▶ **PROBLEM STATEMENT**
Please write out every line of the listing without alteration, but omit the images.
Top of GIVEN MATERIAL
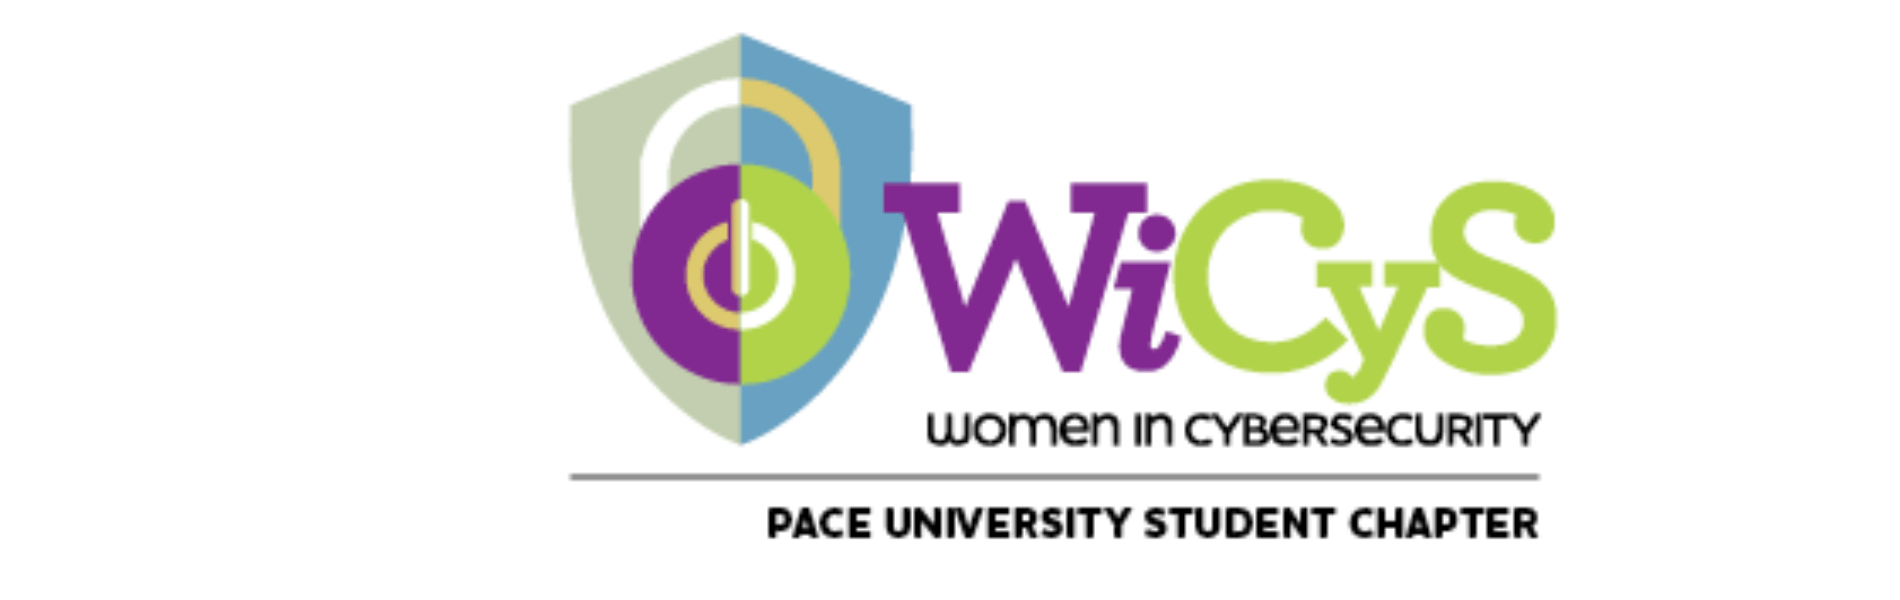 Pace Women in Cybersecurity
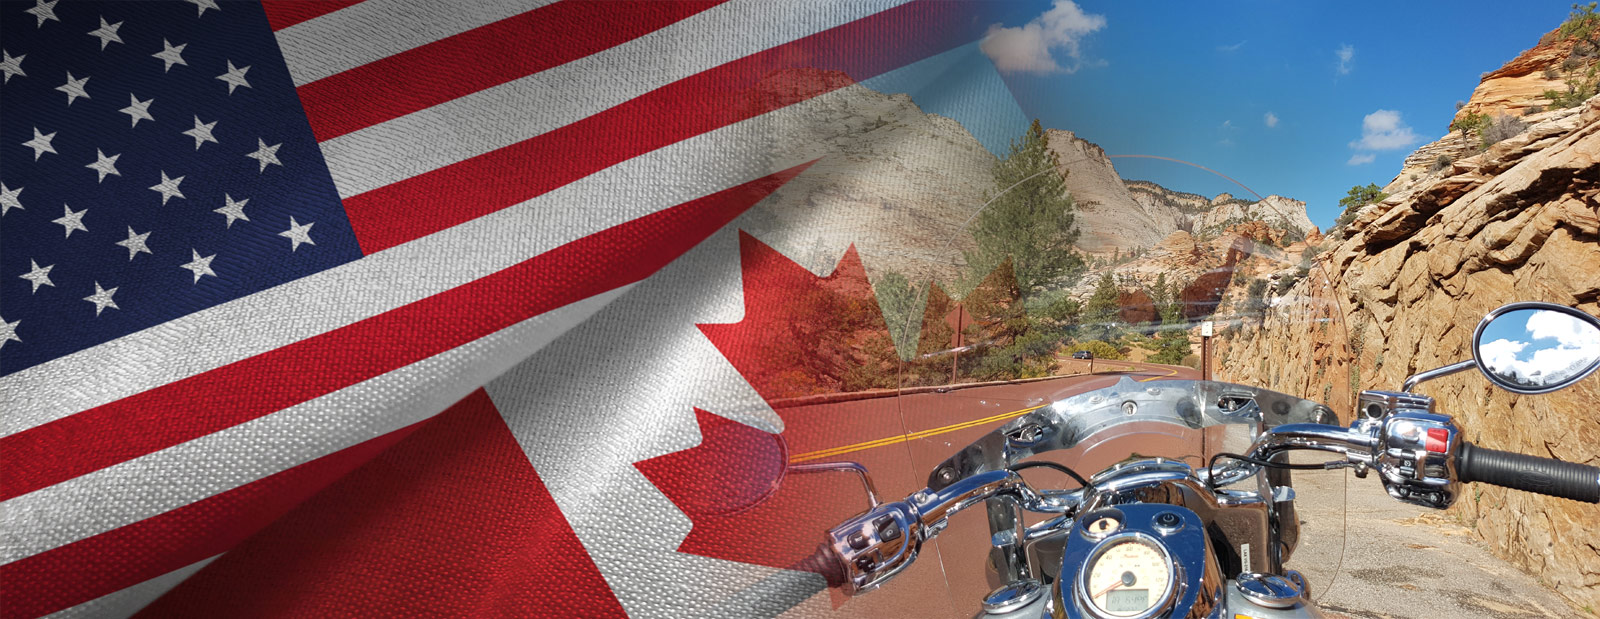 amerika motorcycle tours
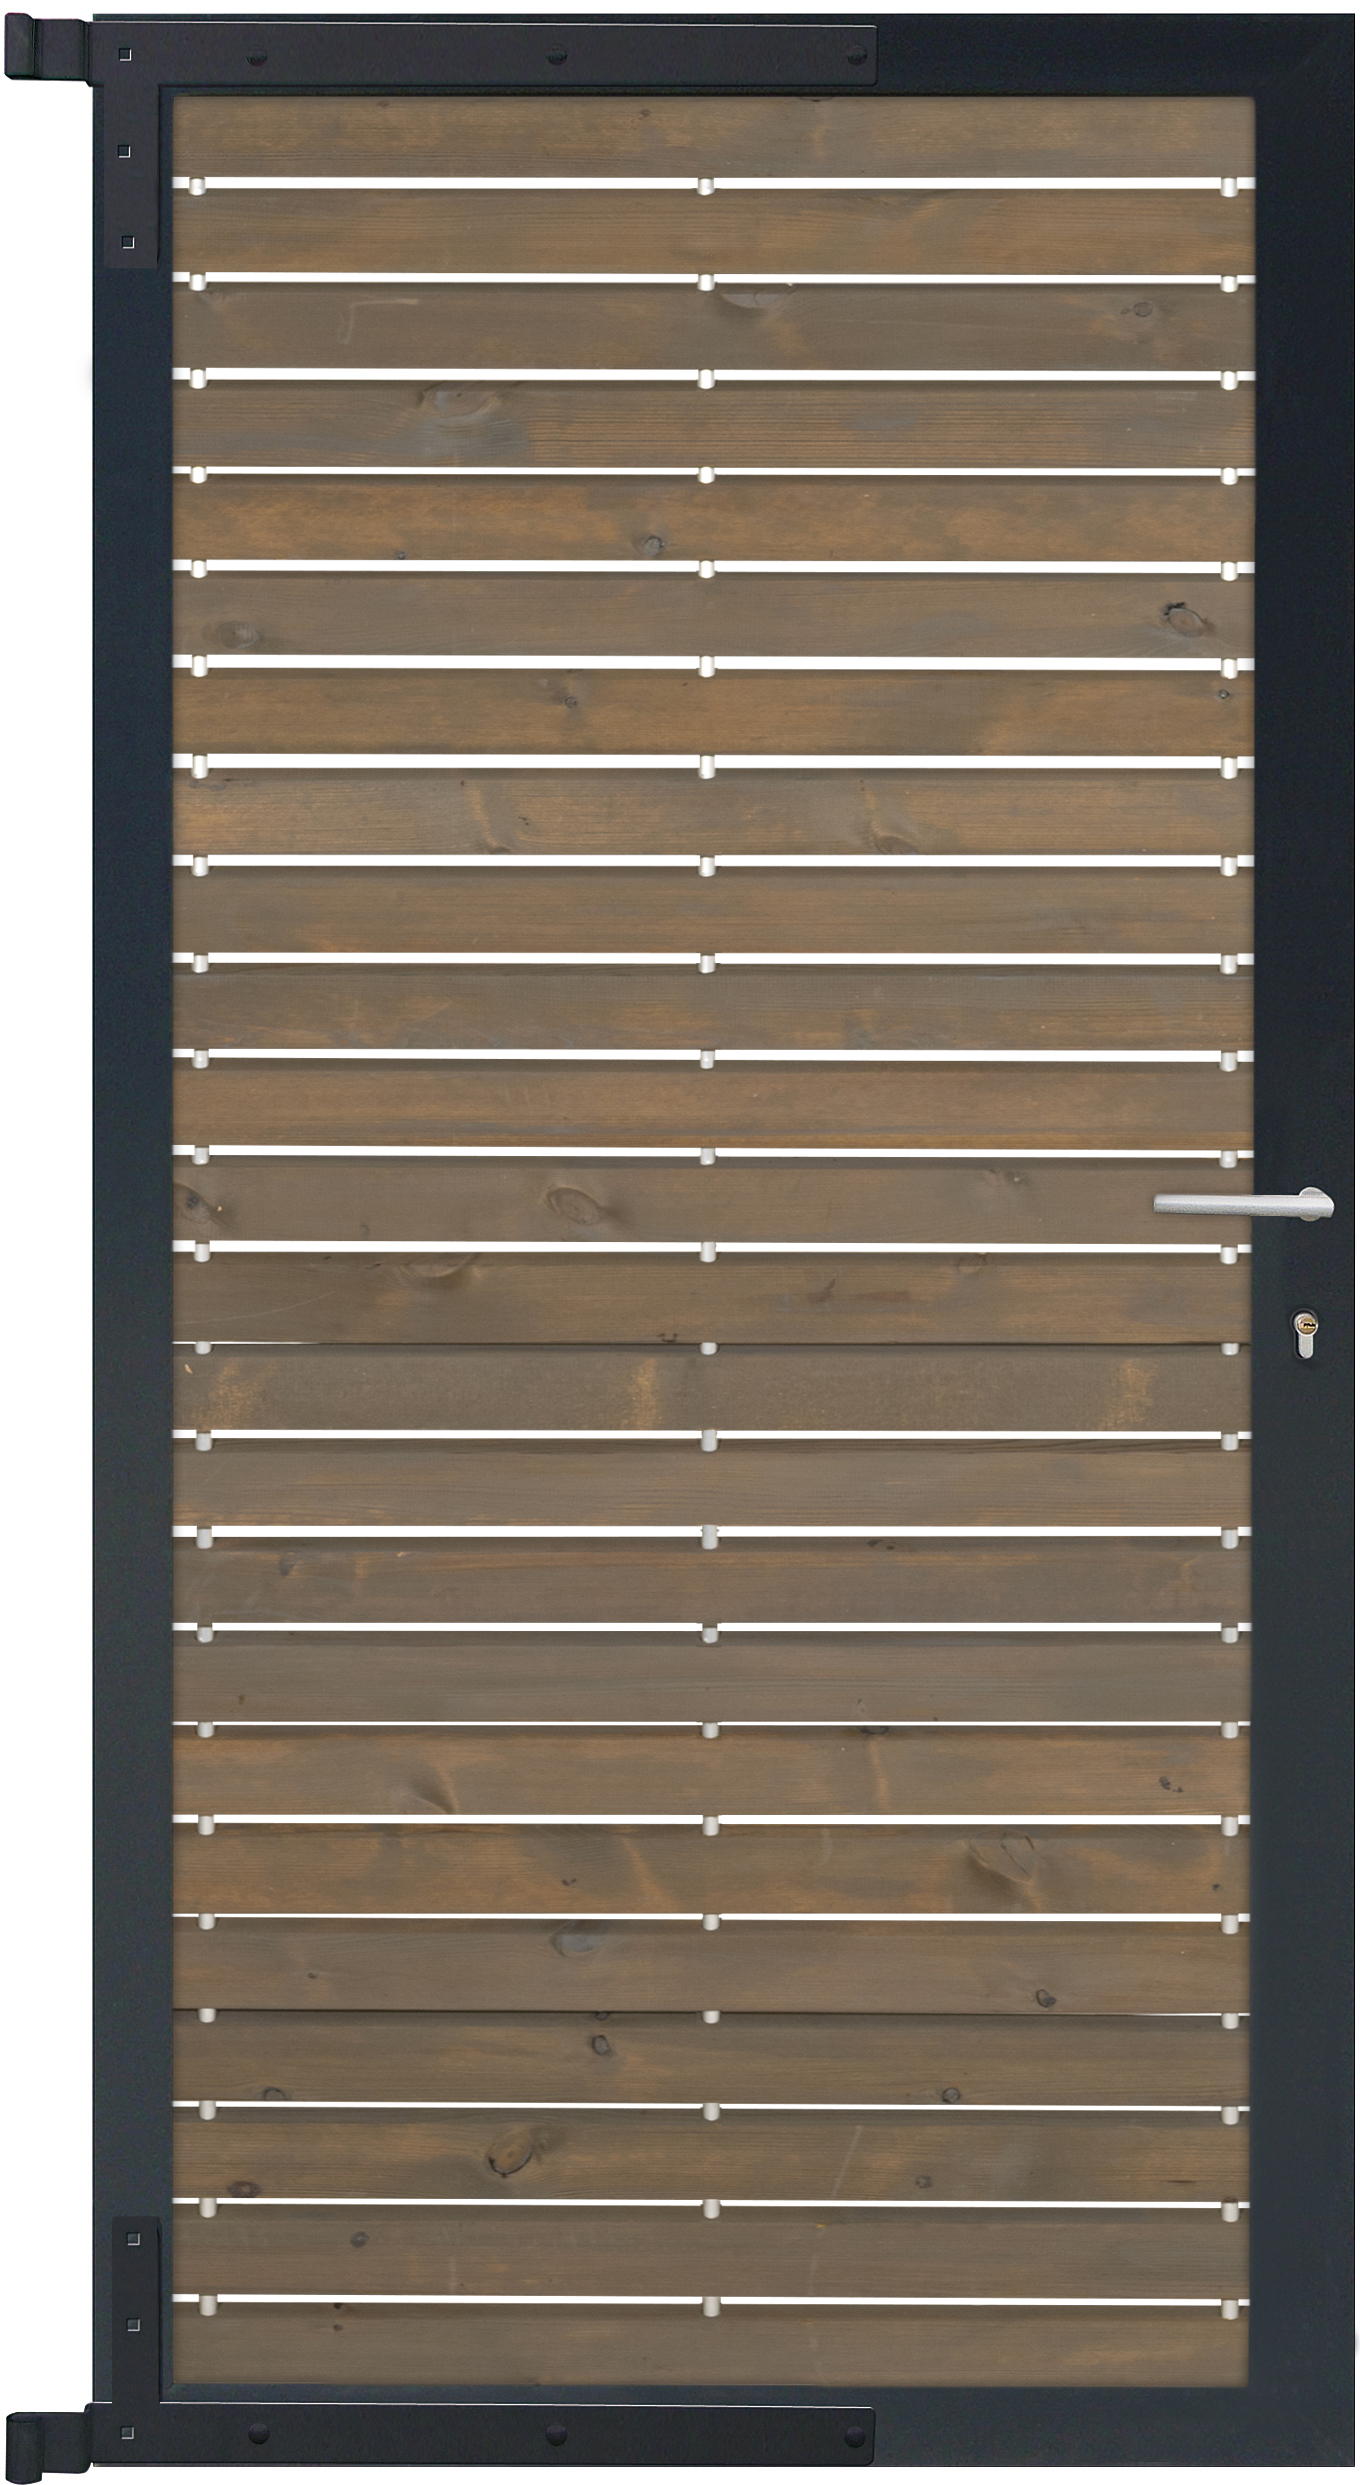 Rhombus-Steckzaun nordische Kiefer Grau/anthrazit, 10 Jahre Farbechtheit Zauntor 90x180 cm, mit Aluminium Rahmen, inkl. Beschlagsatz in anthrazit
Bottom of GIVEN MATERIAL
▶ **RESPONSE TO THIS TASK**
 Pace Women in Cybersecurity
 amerika motorcycle tours
 Rhombus-Steckzaun nordische Kiefer Grau/anthrazit, 10 Jahre Farbechtheit Zauntor 90x180 cm, mit Aluminium Rahmen, inkl. Beschlagsatz in anthrazit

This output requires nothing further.